Камера была большой, однако прилечь, вытянув ноги, получалось не всегда. Народу втюхали внутрь человек сто пятьдесят, как там на женской половине — не знаю. Гул от кашля, стонов и разговоров тянулся по коридору длинным нескончаемым раздражителем. Иногда он становился чуть оживлённее, что означало приём пищи. Кормили два раза в день. Заключённому полагалась плошка разваренного несолёного гороха и столько же воды. Два раза в день. Меню не менялось. Не удивительно, что все здесь такие худые. Впрочем, если есть родственники, способные и, главное, желающие, улучшить твой рацион, то можно было получить что-то более питательное. Таких счастливчиков было не много, и я оказался в их числе. Баландер под присмотром Квазимодо выкрикивал моё имя, и к традиционному гороху подавал кусок хлеба, луковицу и яблоко. Луковицу я отдавал Полю — своеобразная плата за спокойную жизнь. В первый день я пытался что-то продемонстрировать, показать характер, боевые навыки, но Поль наглядно как щенка ткнул меня в мою неправоту и научил основной житейской мудрости: чтобы не думать, что во сне тебя поимеют, заплати и спи спокойно.
Присматривал за арестантами Квазимодо. Наверх он поднимался редко, как поведал мой шепелявый друг, исключительно для выполнения другой своей обязанности — палача. В этом деле наш тюремщик не знал конкуренции, настоящий виртуоз. Но казни случались не часто, лишь после судебных сессий, которые за редким исключением проходили дважды в месяц. Остальное время Квазимодо посвящал арестантам. Он прогуливался по коридору, мог часами сидеть на полу, скрестив ноги по-турецки, и следить за камерной жизнью. Если что-то происходило — драки, споры, прочая ересь — никогда не вмешивался. Хоть убивайте друг друга, ему будет по. Следил за нашей жизнью как за реалити-шоу по телевизору. И всё время улыбался.
Но такое случалось лишь вечером и ночью. А с утра приходила стража, называли имена, собирали колонну человек пять-шесть и уводили на второй этаж в пыточную. Через некоторое время начинали звучать вопли. До подвала они доносились в приглушённом виде, но это лишь подчёркивало интенсивность проводимых наверху бесед. После таких процедур некоторых собеседников страже приходилось тащить на себе и швырять на пол камеры. Их отволакивали вглубь. Они стонали или лежали в забытьи, всем своим состоянием демонстрируя, как важно отвечать на вопросы, которые тебе задают.

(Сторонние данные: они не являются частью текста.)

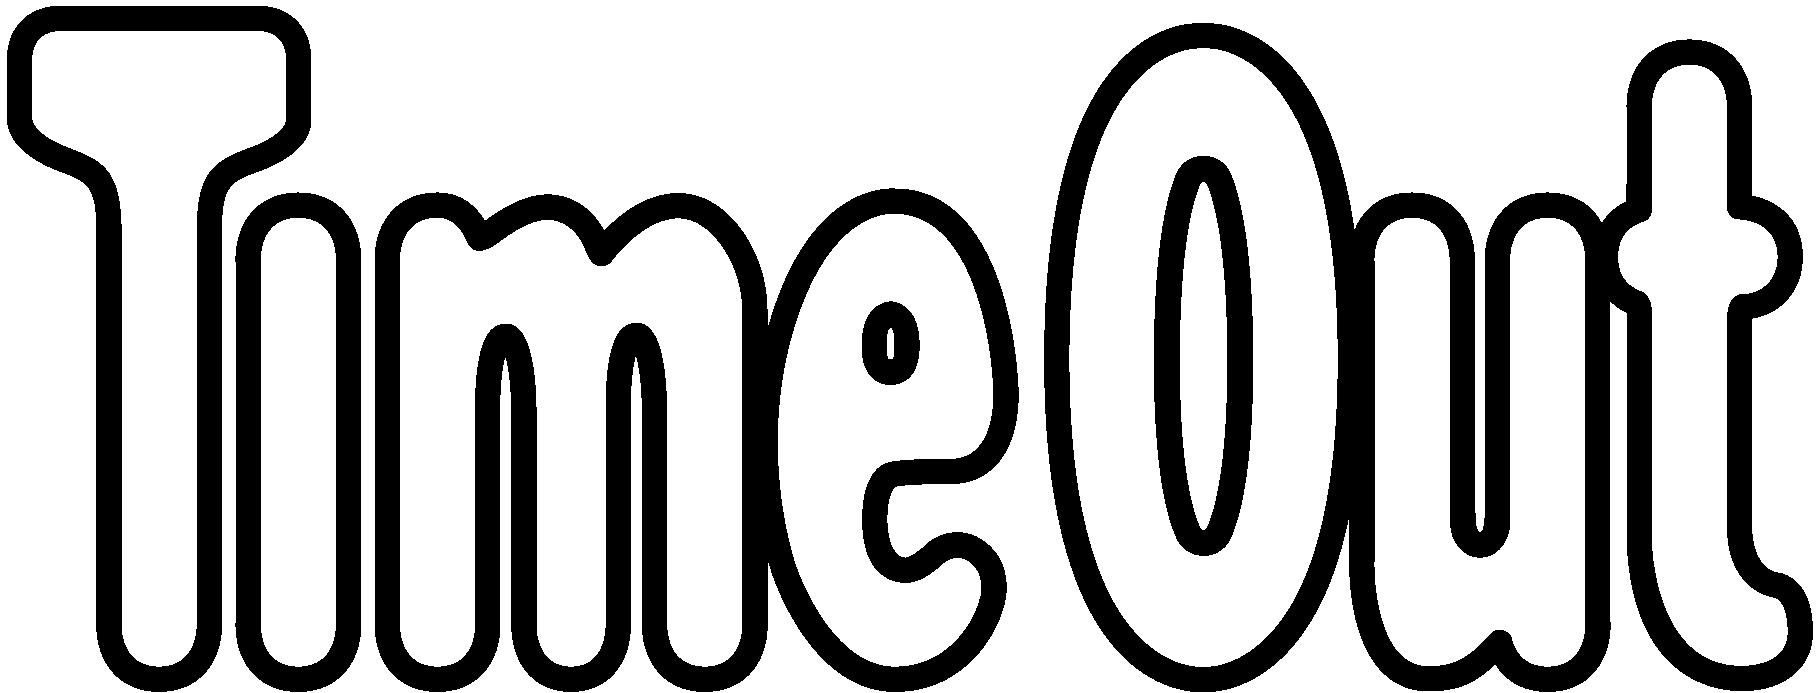 TimeOut London Client Logo

Я делал вид, что меня это не касается. Валялся или пытался прогуливаться по камере, потряхивая кандалами, — хоть какая-то музыка. Если удавалось найти чистую соломину, совал её в рот и перекатывал из одного угла в другой, и так несколько часов кряду. Многие арестанты занимались тем же, чем и я. Впрочем, были и другие занятия. У решётки в дальнем углу Поль организовал казино. На интерес не играли, из игр предпочитали кости и шахматы. Многие проигрывали свою пайку или обноски, считавшиеся здесь одеждой. Меня пытались вовлечь, но я неизменно показывал средний палец. Что означает сей жест, народ не понимал, но и без объяснений становилось ясно, что я отказываюсь. В казино иногда заглядывал Квазимодо, словно канал переключал с домашнего на спортивный. Сам никогда не играл, но периодически делал ставки на победителя. Если его ставка выигрывала, смеялся и хлопал в ладоши, если проигрывала, огорчался искренно как ребёнок.
Вообще, было интересно наблюдать за местной жизнью. Сидельцы делились на два вида: те, которые ждали суда, и те, которые дождались. Тем, которые дождались, было проще. Наверх их не водили, просто отсиживали положенный срок, кому сколько присудили. Тюремная канцелярия работала чётко в рамках закона, я даже видел, как одного арестанта освободили. Пришли и сказали: свободен. Он обрадовался и пополз на карачках к лестнице. На карачках — потому что ног лишился в процессе следствия. Мой шепелявый доброжелатель списал это на примерку испанской обуви.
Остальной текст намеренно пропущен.